Similarly, the only way to get a realistic idea of whether one baseball team is better than another is to observe their results over a series of games. To adapt Lewis’ example, imagine a team of .300 hitters playing a team of .275 hitters in the wildcard game. Also, suppose that the teams are equal in every other way. Teams usually get about 40 at-bats in a game, so you would expect the team of .300 hitters to get one more hit than the team of .275 hitters. That extra expected hit would be nothing more than a small advantage, and the .300 hitters — a better team — would have a significant chance of going home.
Therefore, the only way to determine with any certainty which team is better is to play a series of games; deciding the result of a team’s season based on one game is little better than deciding it with a coin flip. Fortunately, baseball teams spend the entire summer playing 162 games for that very purpose. Why not use those games to decide which teams get to go to the playoffs, instead of the relative crapshoot of a single game?
So, if the current system is so bad, what system should baseball adopt? One option is the old format, with only one wildcard. Another is the really old format: Until 1969, the only playoff series was the World Series, which simply pitted the best regular season NL team against the best regular season AL team. I’m partial to the really old format; a five-game series is less random than a one-game series, but not by that much. Of course, this would leave the Pirates out in the cold even more than the new format, because the Cardinals would just go straight to the World Series.

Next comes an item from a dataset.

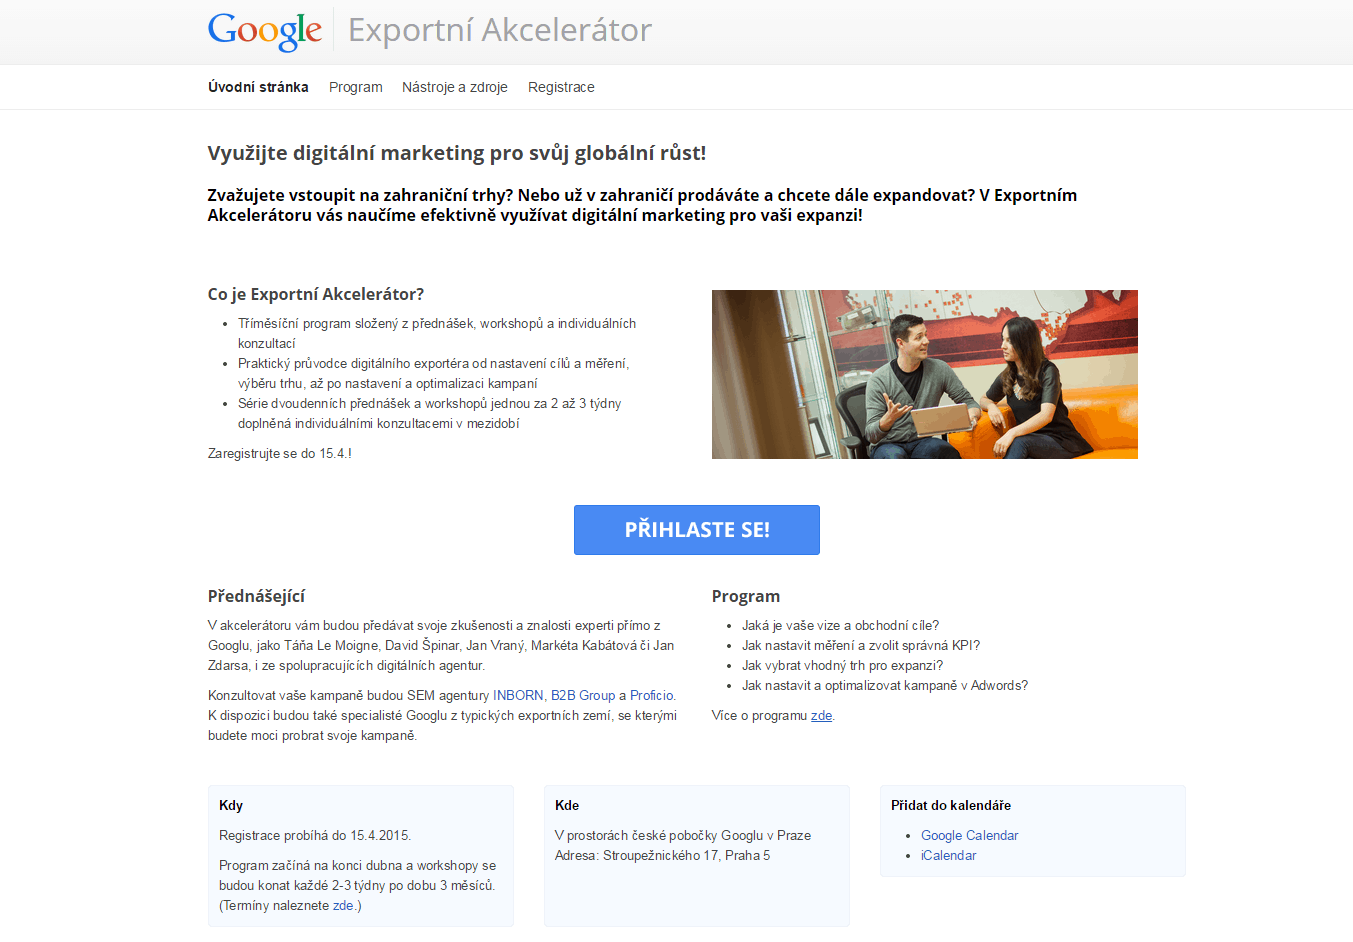 Exportni akcelerator Google

Grant Bisbee makes this point in an SB Nation post.
“You think screwed means that a team could lose a one-game playoff for a potential postseason berth?” he writes. “Teams throughout the long, harsh history of baseball laugh at you. The 1960s Giants averaged 91 wins for an entire decade, with rosters saturated with future Hall of Famers, and made the postseason once.”
His definition of “screwed” is completely wrong. The 1960s Giants missed the playoffs because other teams deserved the single available playoff spot more than they did. The 2015 Pirates will miss the playoffs because baseball’s convoluted system will award their spot to three teams with worse records, on the strength of a single game. If the Cardinals were the only team going to the playoffs from the NL, the Pirates could have no complaints, but as it is, they are getting screwed.